Как живется вам без СССР? - Лариса Бабиенко 65 стр.


В общем, по профессии, что, в первую очередь, на Западе считается высшим качеством жизни, Галя не работала ни одного дня. Другие эмигранты создавали в США десятки газет и журналов на русском языке, а Галя ни-ни… Ни одного дня в печати.

Наверно, несмотря на безмерный гонор, таланта и упорства не хватило. Того, что называется от бога искоркой…

Так чем же кичиться? Ради чего человек сбежал из собственной Родины и что сделал серьезного в чужой стране? Неужто лишь во имя пустого и бесстойлового бега по жизни удрала она с Волхонки?

Тяжелейшая работа экскурсовода дала возможность нашей бывшей однокурснице посетить около сорока стран, чем она, кстати, очень гордится. Ну, а я в это время, не расставаясь с журналистикой, посетила более сорока областей Советского Союза. И на Ямале была, на Дальнем Востоке, по Алайским пастбищам на Памире ходила. Даже в Чокурдахе в устье реки Лены была у оленеводов, и прямо в жаркой яранге попробовала вкуснейшую нельму. Я меньше видела, чем Галя?

И вот пора подводить итоги. Мы за эти годы получили от Советской власти неплохие и бесплатные квартиры. У Гали в Нью-Йорке квартира съемная, ей в этой стране лишь разрешили пользоваться чужой собственностью. И платит она за крошечное жилье 600 долларов, хотя пенсия — 992 доллара.

Медицина… В 2008 году Галина сломала ногу. За гипс, рентген, посещение врача заплатила несколько тысяч долларов. Я этом же году сломала руку, и, хотя на пороге у каждого жителя России давно бушует лютый капитализм, советская власть заложила в основы нашей жизни такой прочный запас защиты каждого человека, что и по сей день экстренная и хирургическая помощь у нас бесплатные.

— А страховка как же? — спросила я Галю.

Гостья мнется.

— Понимаешь… Даже если оплачивать ее аккуратно, это не значит, что ты получишь помощь в полном объеме. Лишь какие-то процедуры, за остальное — все равно надо платить. Зачем она мне в таком случае? Ежемесячно терять еще 92 доллара?

— Ну, а роды? — умираю от любопытства я. — За год или два в Америке оплачивают декретный отпуск?

Галина с недоумением глядит на меня.

— Декретный? Какой? Нет его вообще. Все решает страховка. Сколько отложили люди, столько и получили. Даже во время родов.

— Значит, жители США управляются со своими проблемами в одиночку? И что в том хорошего?..

Гостья в ответ молчит.

И еще одно: наши ровесницы ушли на пенсию в 55 лет, а Галина, живущая в центре мощнейшей цивилизации, на 10 лет позже. Нынче же америкосовское цивилизационное превосходство намерено отправлять своих граждан на пенсию в… 70 лет.

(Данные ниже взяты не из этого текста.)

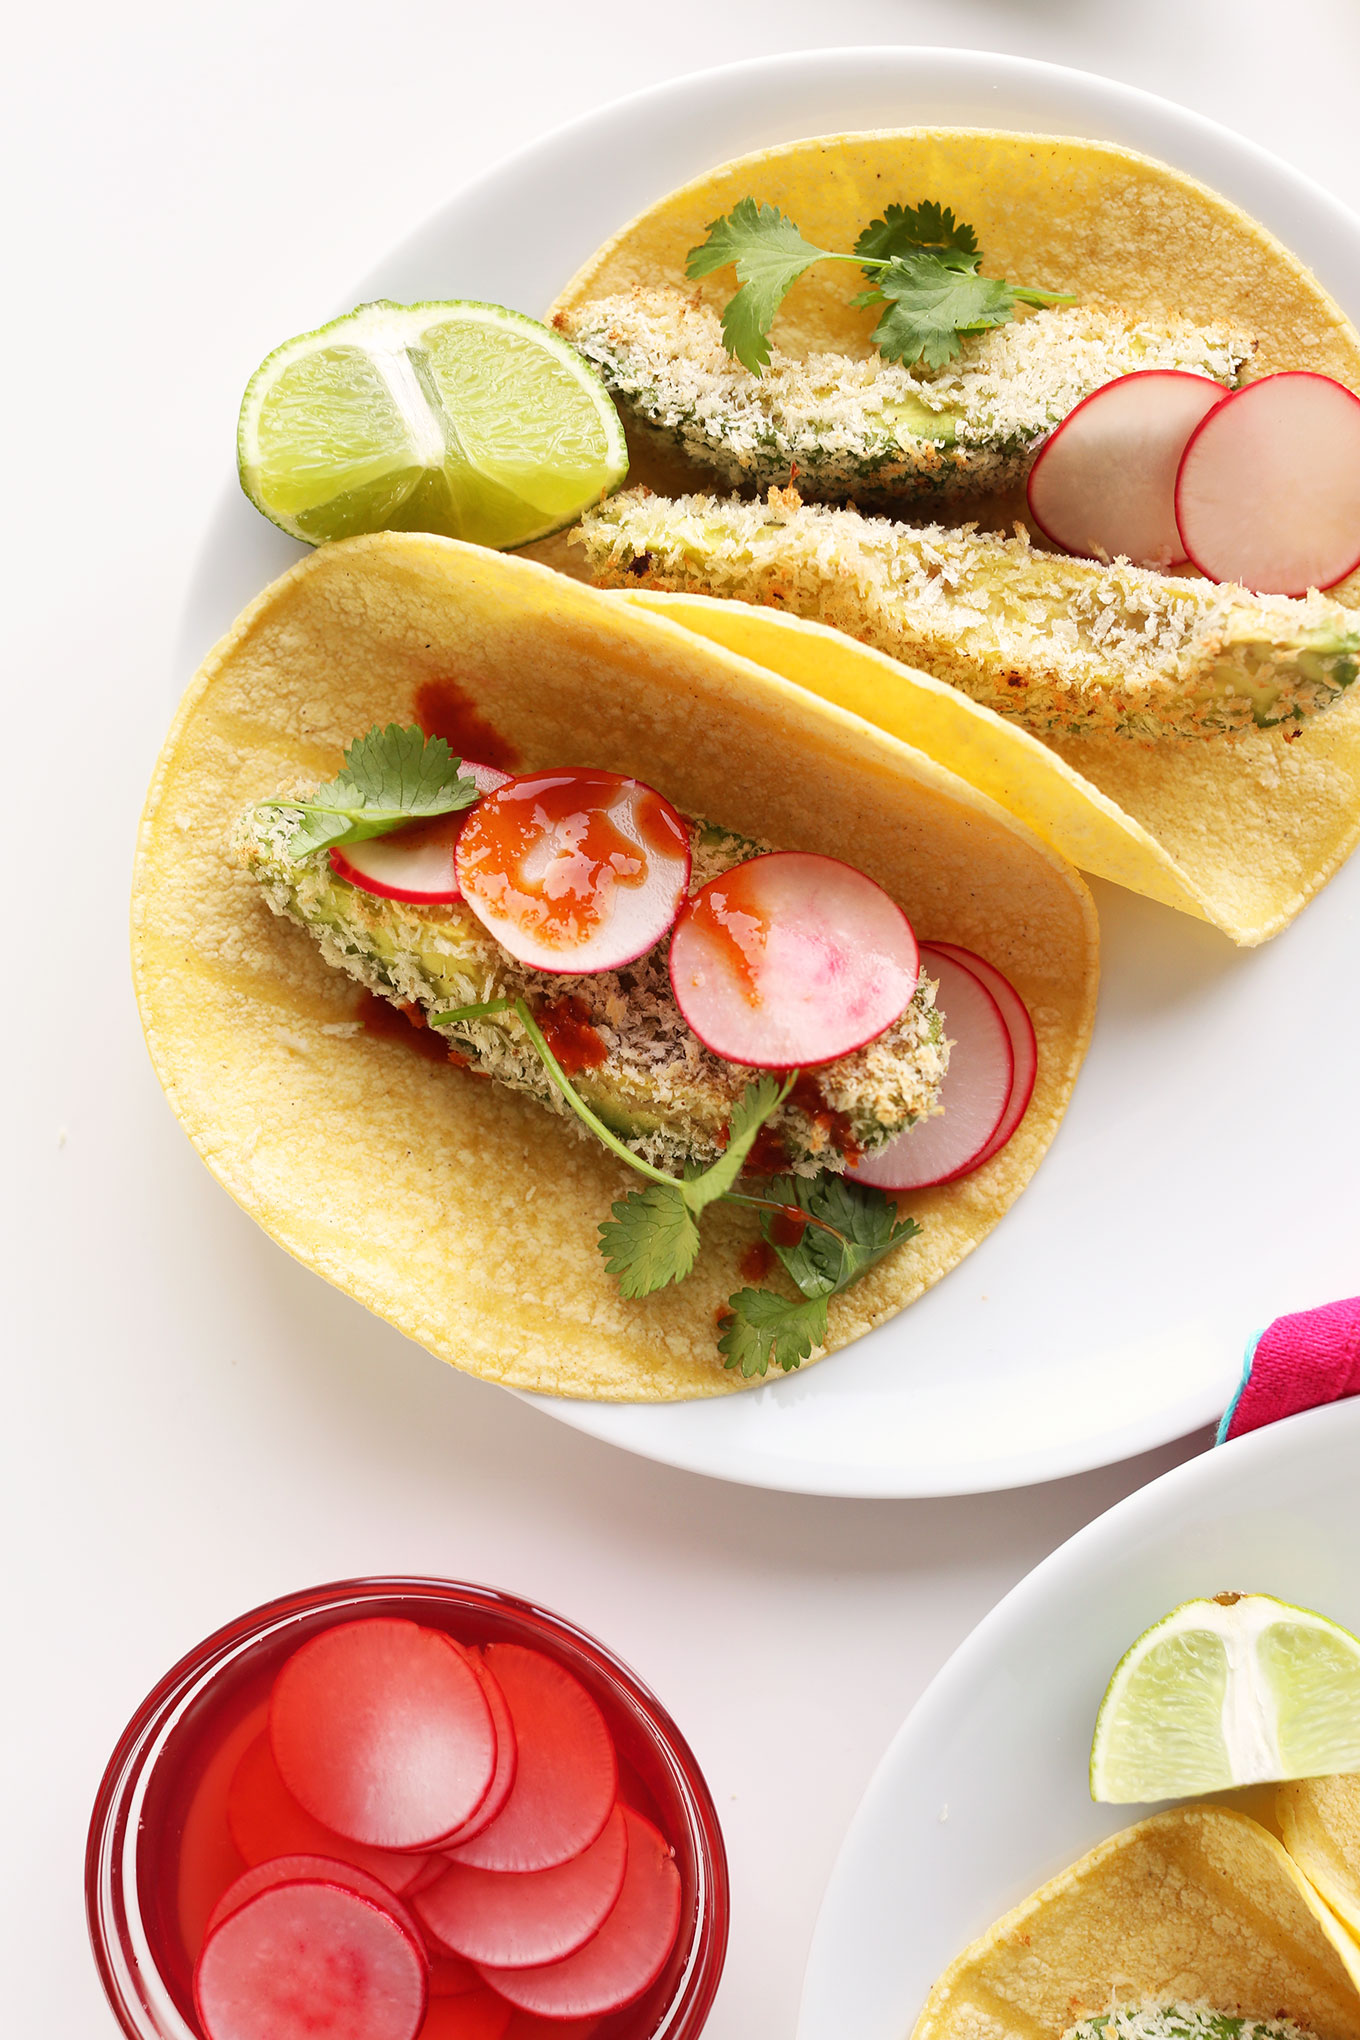 EASY-30-minute-Panko-Baked-Avocado-Tacos-with-pickled-radish-and-hto-sauce-vegan
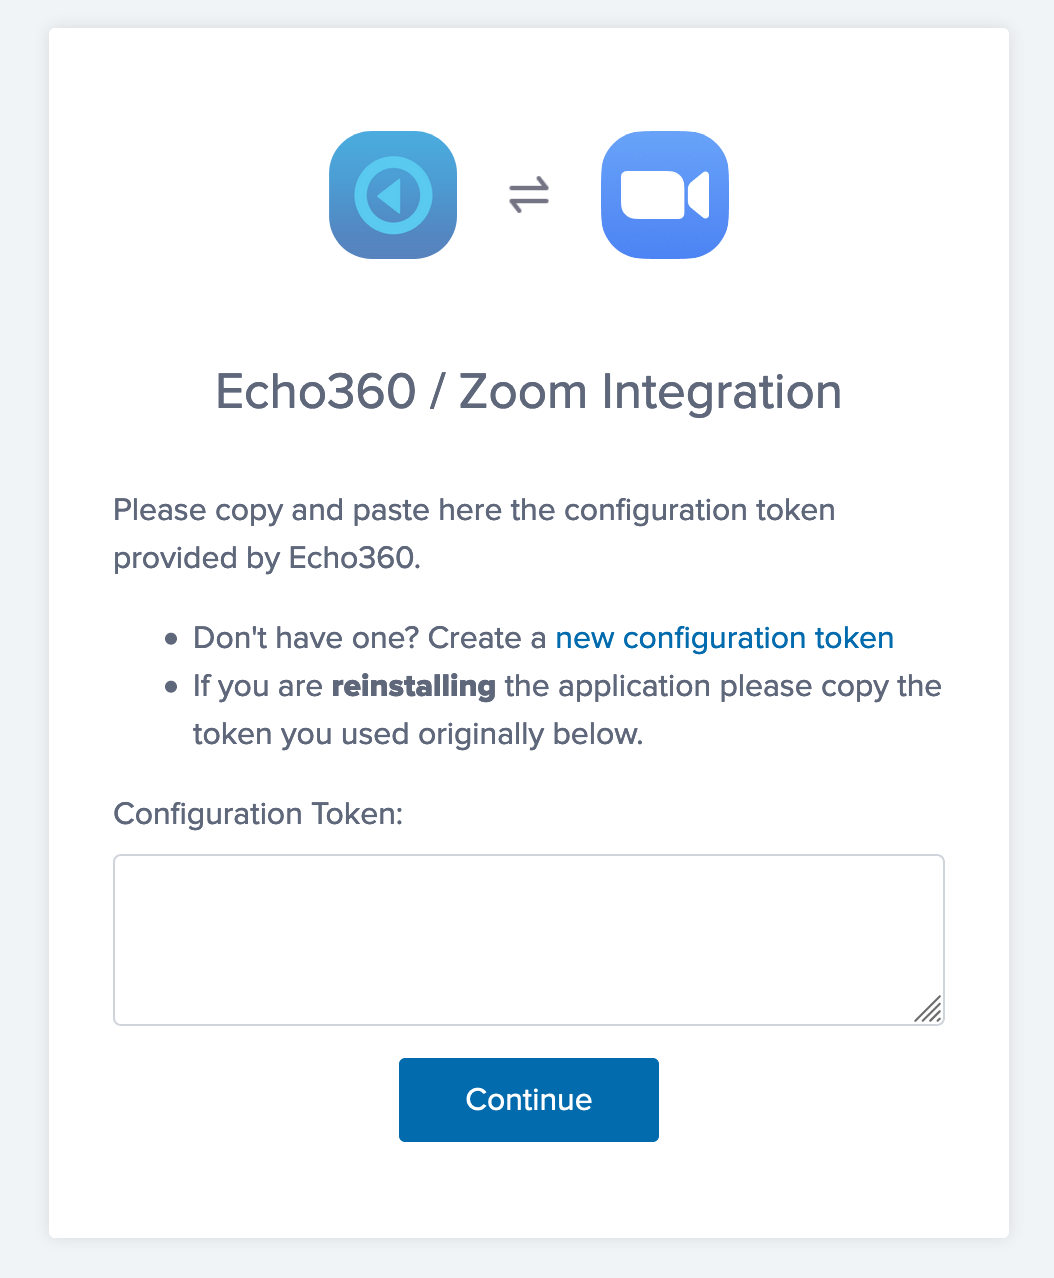 Zoom installation screen requesting EchoVideo configuration token as described

Что еще интересного, отличного от нашей жизни, произошло за эти годы в судьбе Галины? Какие книги она прочитала, какие открытия сделала, чему удивилась? Где, с ее точки зрения, разумнее жилось человеку? Ведь каждый год, будто журавль, летит она на родину. Долго стоит на Волхонке во дворе, в котором выросла. Посещает могилу матери. Летит к дальней родне в Кисловодск. Что думает она во время этих многочисленных передвижений, что ее гонит по земле из угла в угол, почему не живет спокойно в той стране, которую по собственной воле выбрала?

И вот, наконец-то, ее откровения… Которые начались с занудливой обывательской жалобы.

— У меня в Москве была лишь комната в 9 квадратных метров! — слышу я в ответ. И на лице однокурсницы такая укоризна, будто ей одной такое в стране тогда выпало.

— А соседи… Вечные скандалы на кухне. Одна из них кричала моей матери, что они у нас все отнимут. Моя же мать знала 13 языков, отец — не меньше. А эти тетки… они нам жить не давали.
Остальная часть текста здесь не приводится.